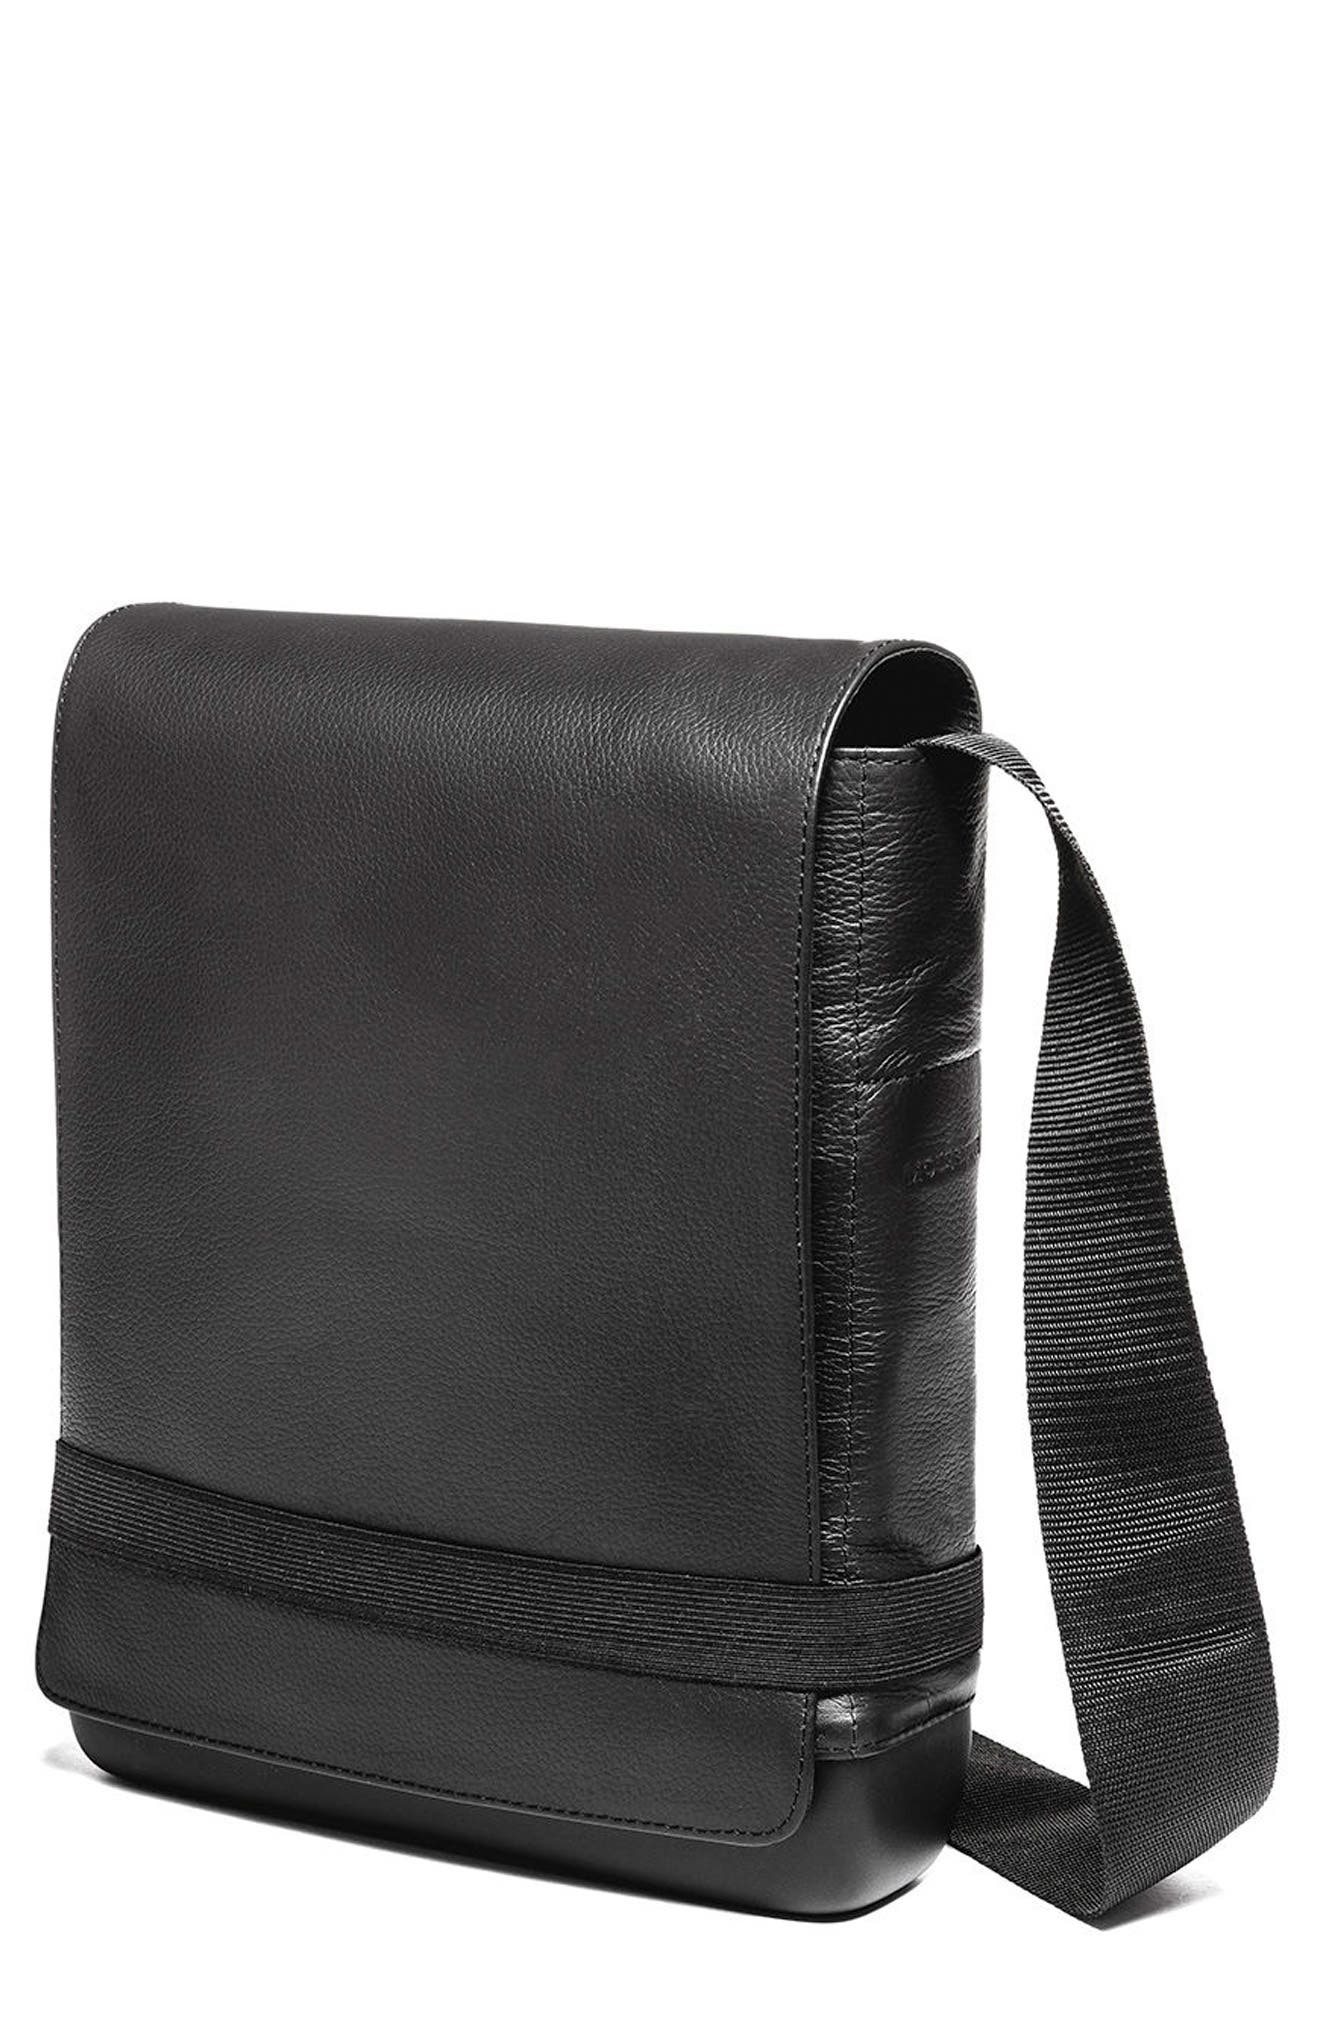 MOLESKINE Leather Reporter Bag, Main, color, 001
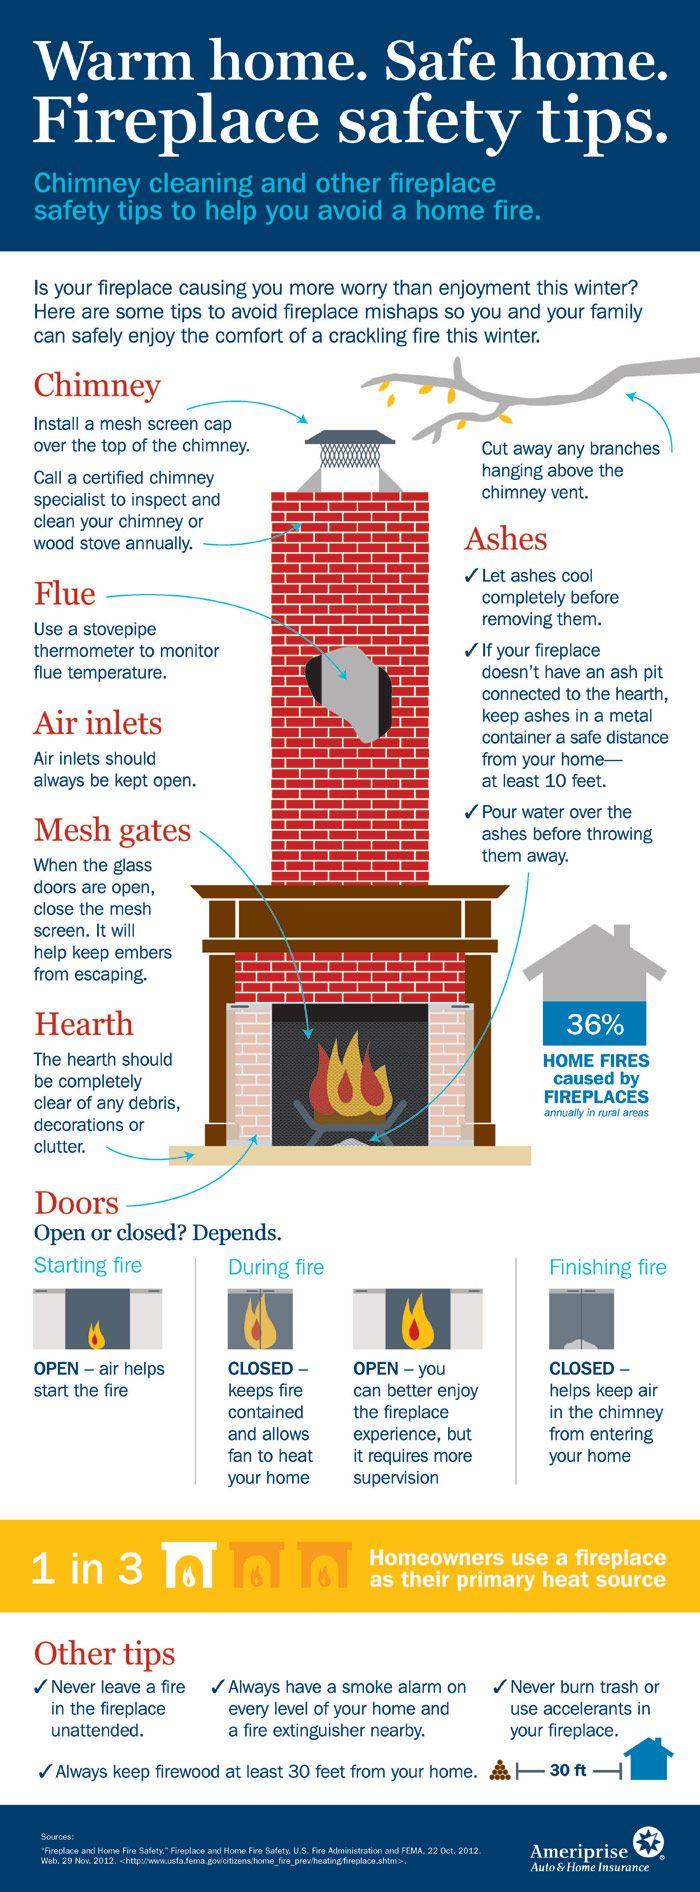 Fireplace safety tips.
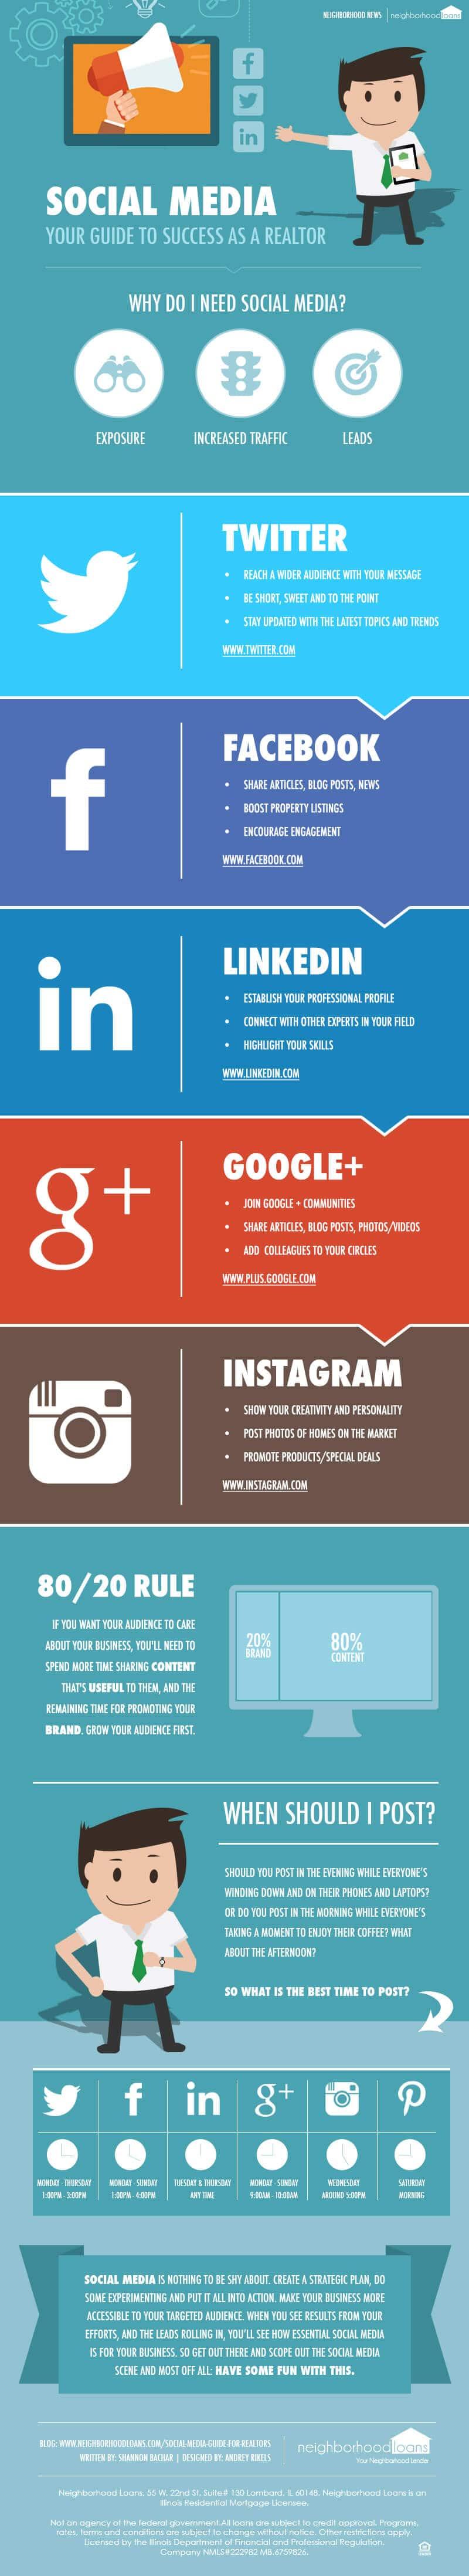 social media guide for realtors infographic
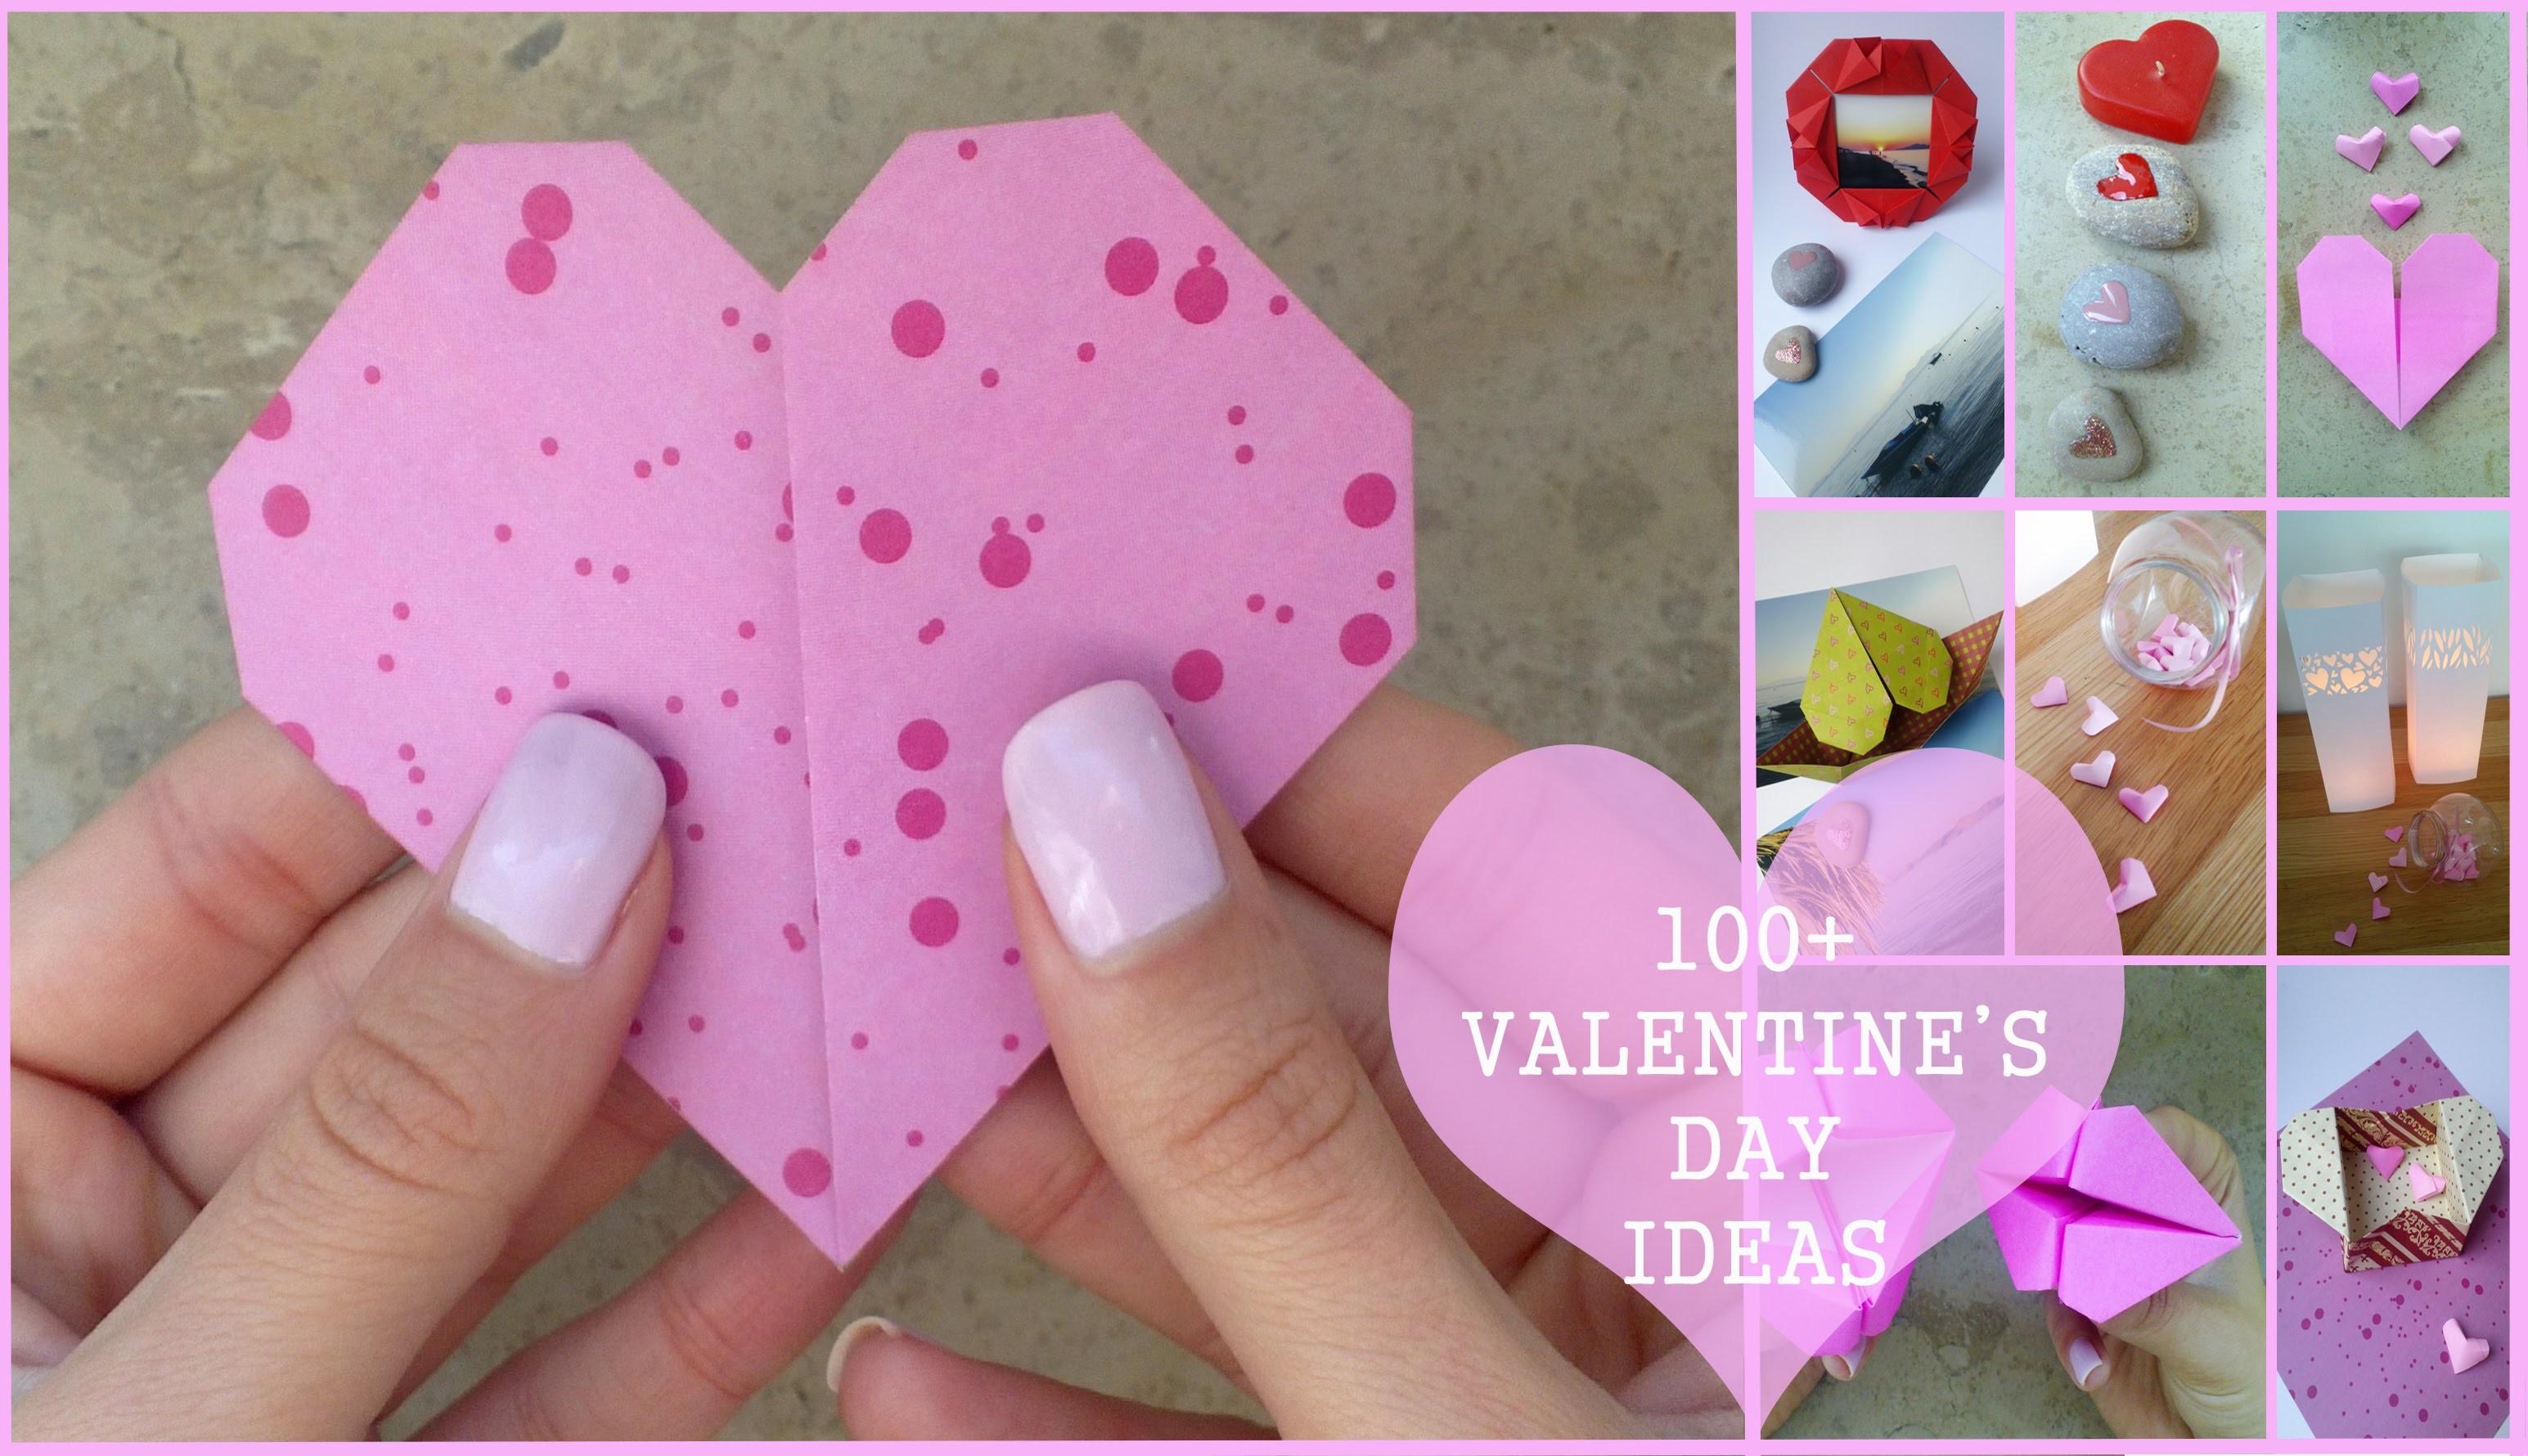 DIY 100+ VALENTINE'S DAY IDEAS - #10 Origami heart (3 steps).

━━━━━━━━━━━━━━━━

Where a picture appears, omit it, and otherwise retype the material exactly.

■ SOLUTION
 MOLESKINE Leather Reporter Bag, Main, color, 001
 Fireplace safety tips.
 social media guide for realtors infographic
 DIY 100+ VALENTINE'S DAY IDEAS - #10 Origami heart (3 steps).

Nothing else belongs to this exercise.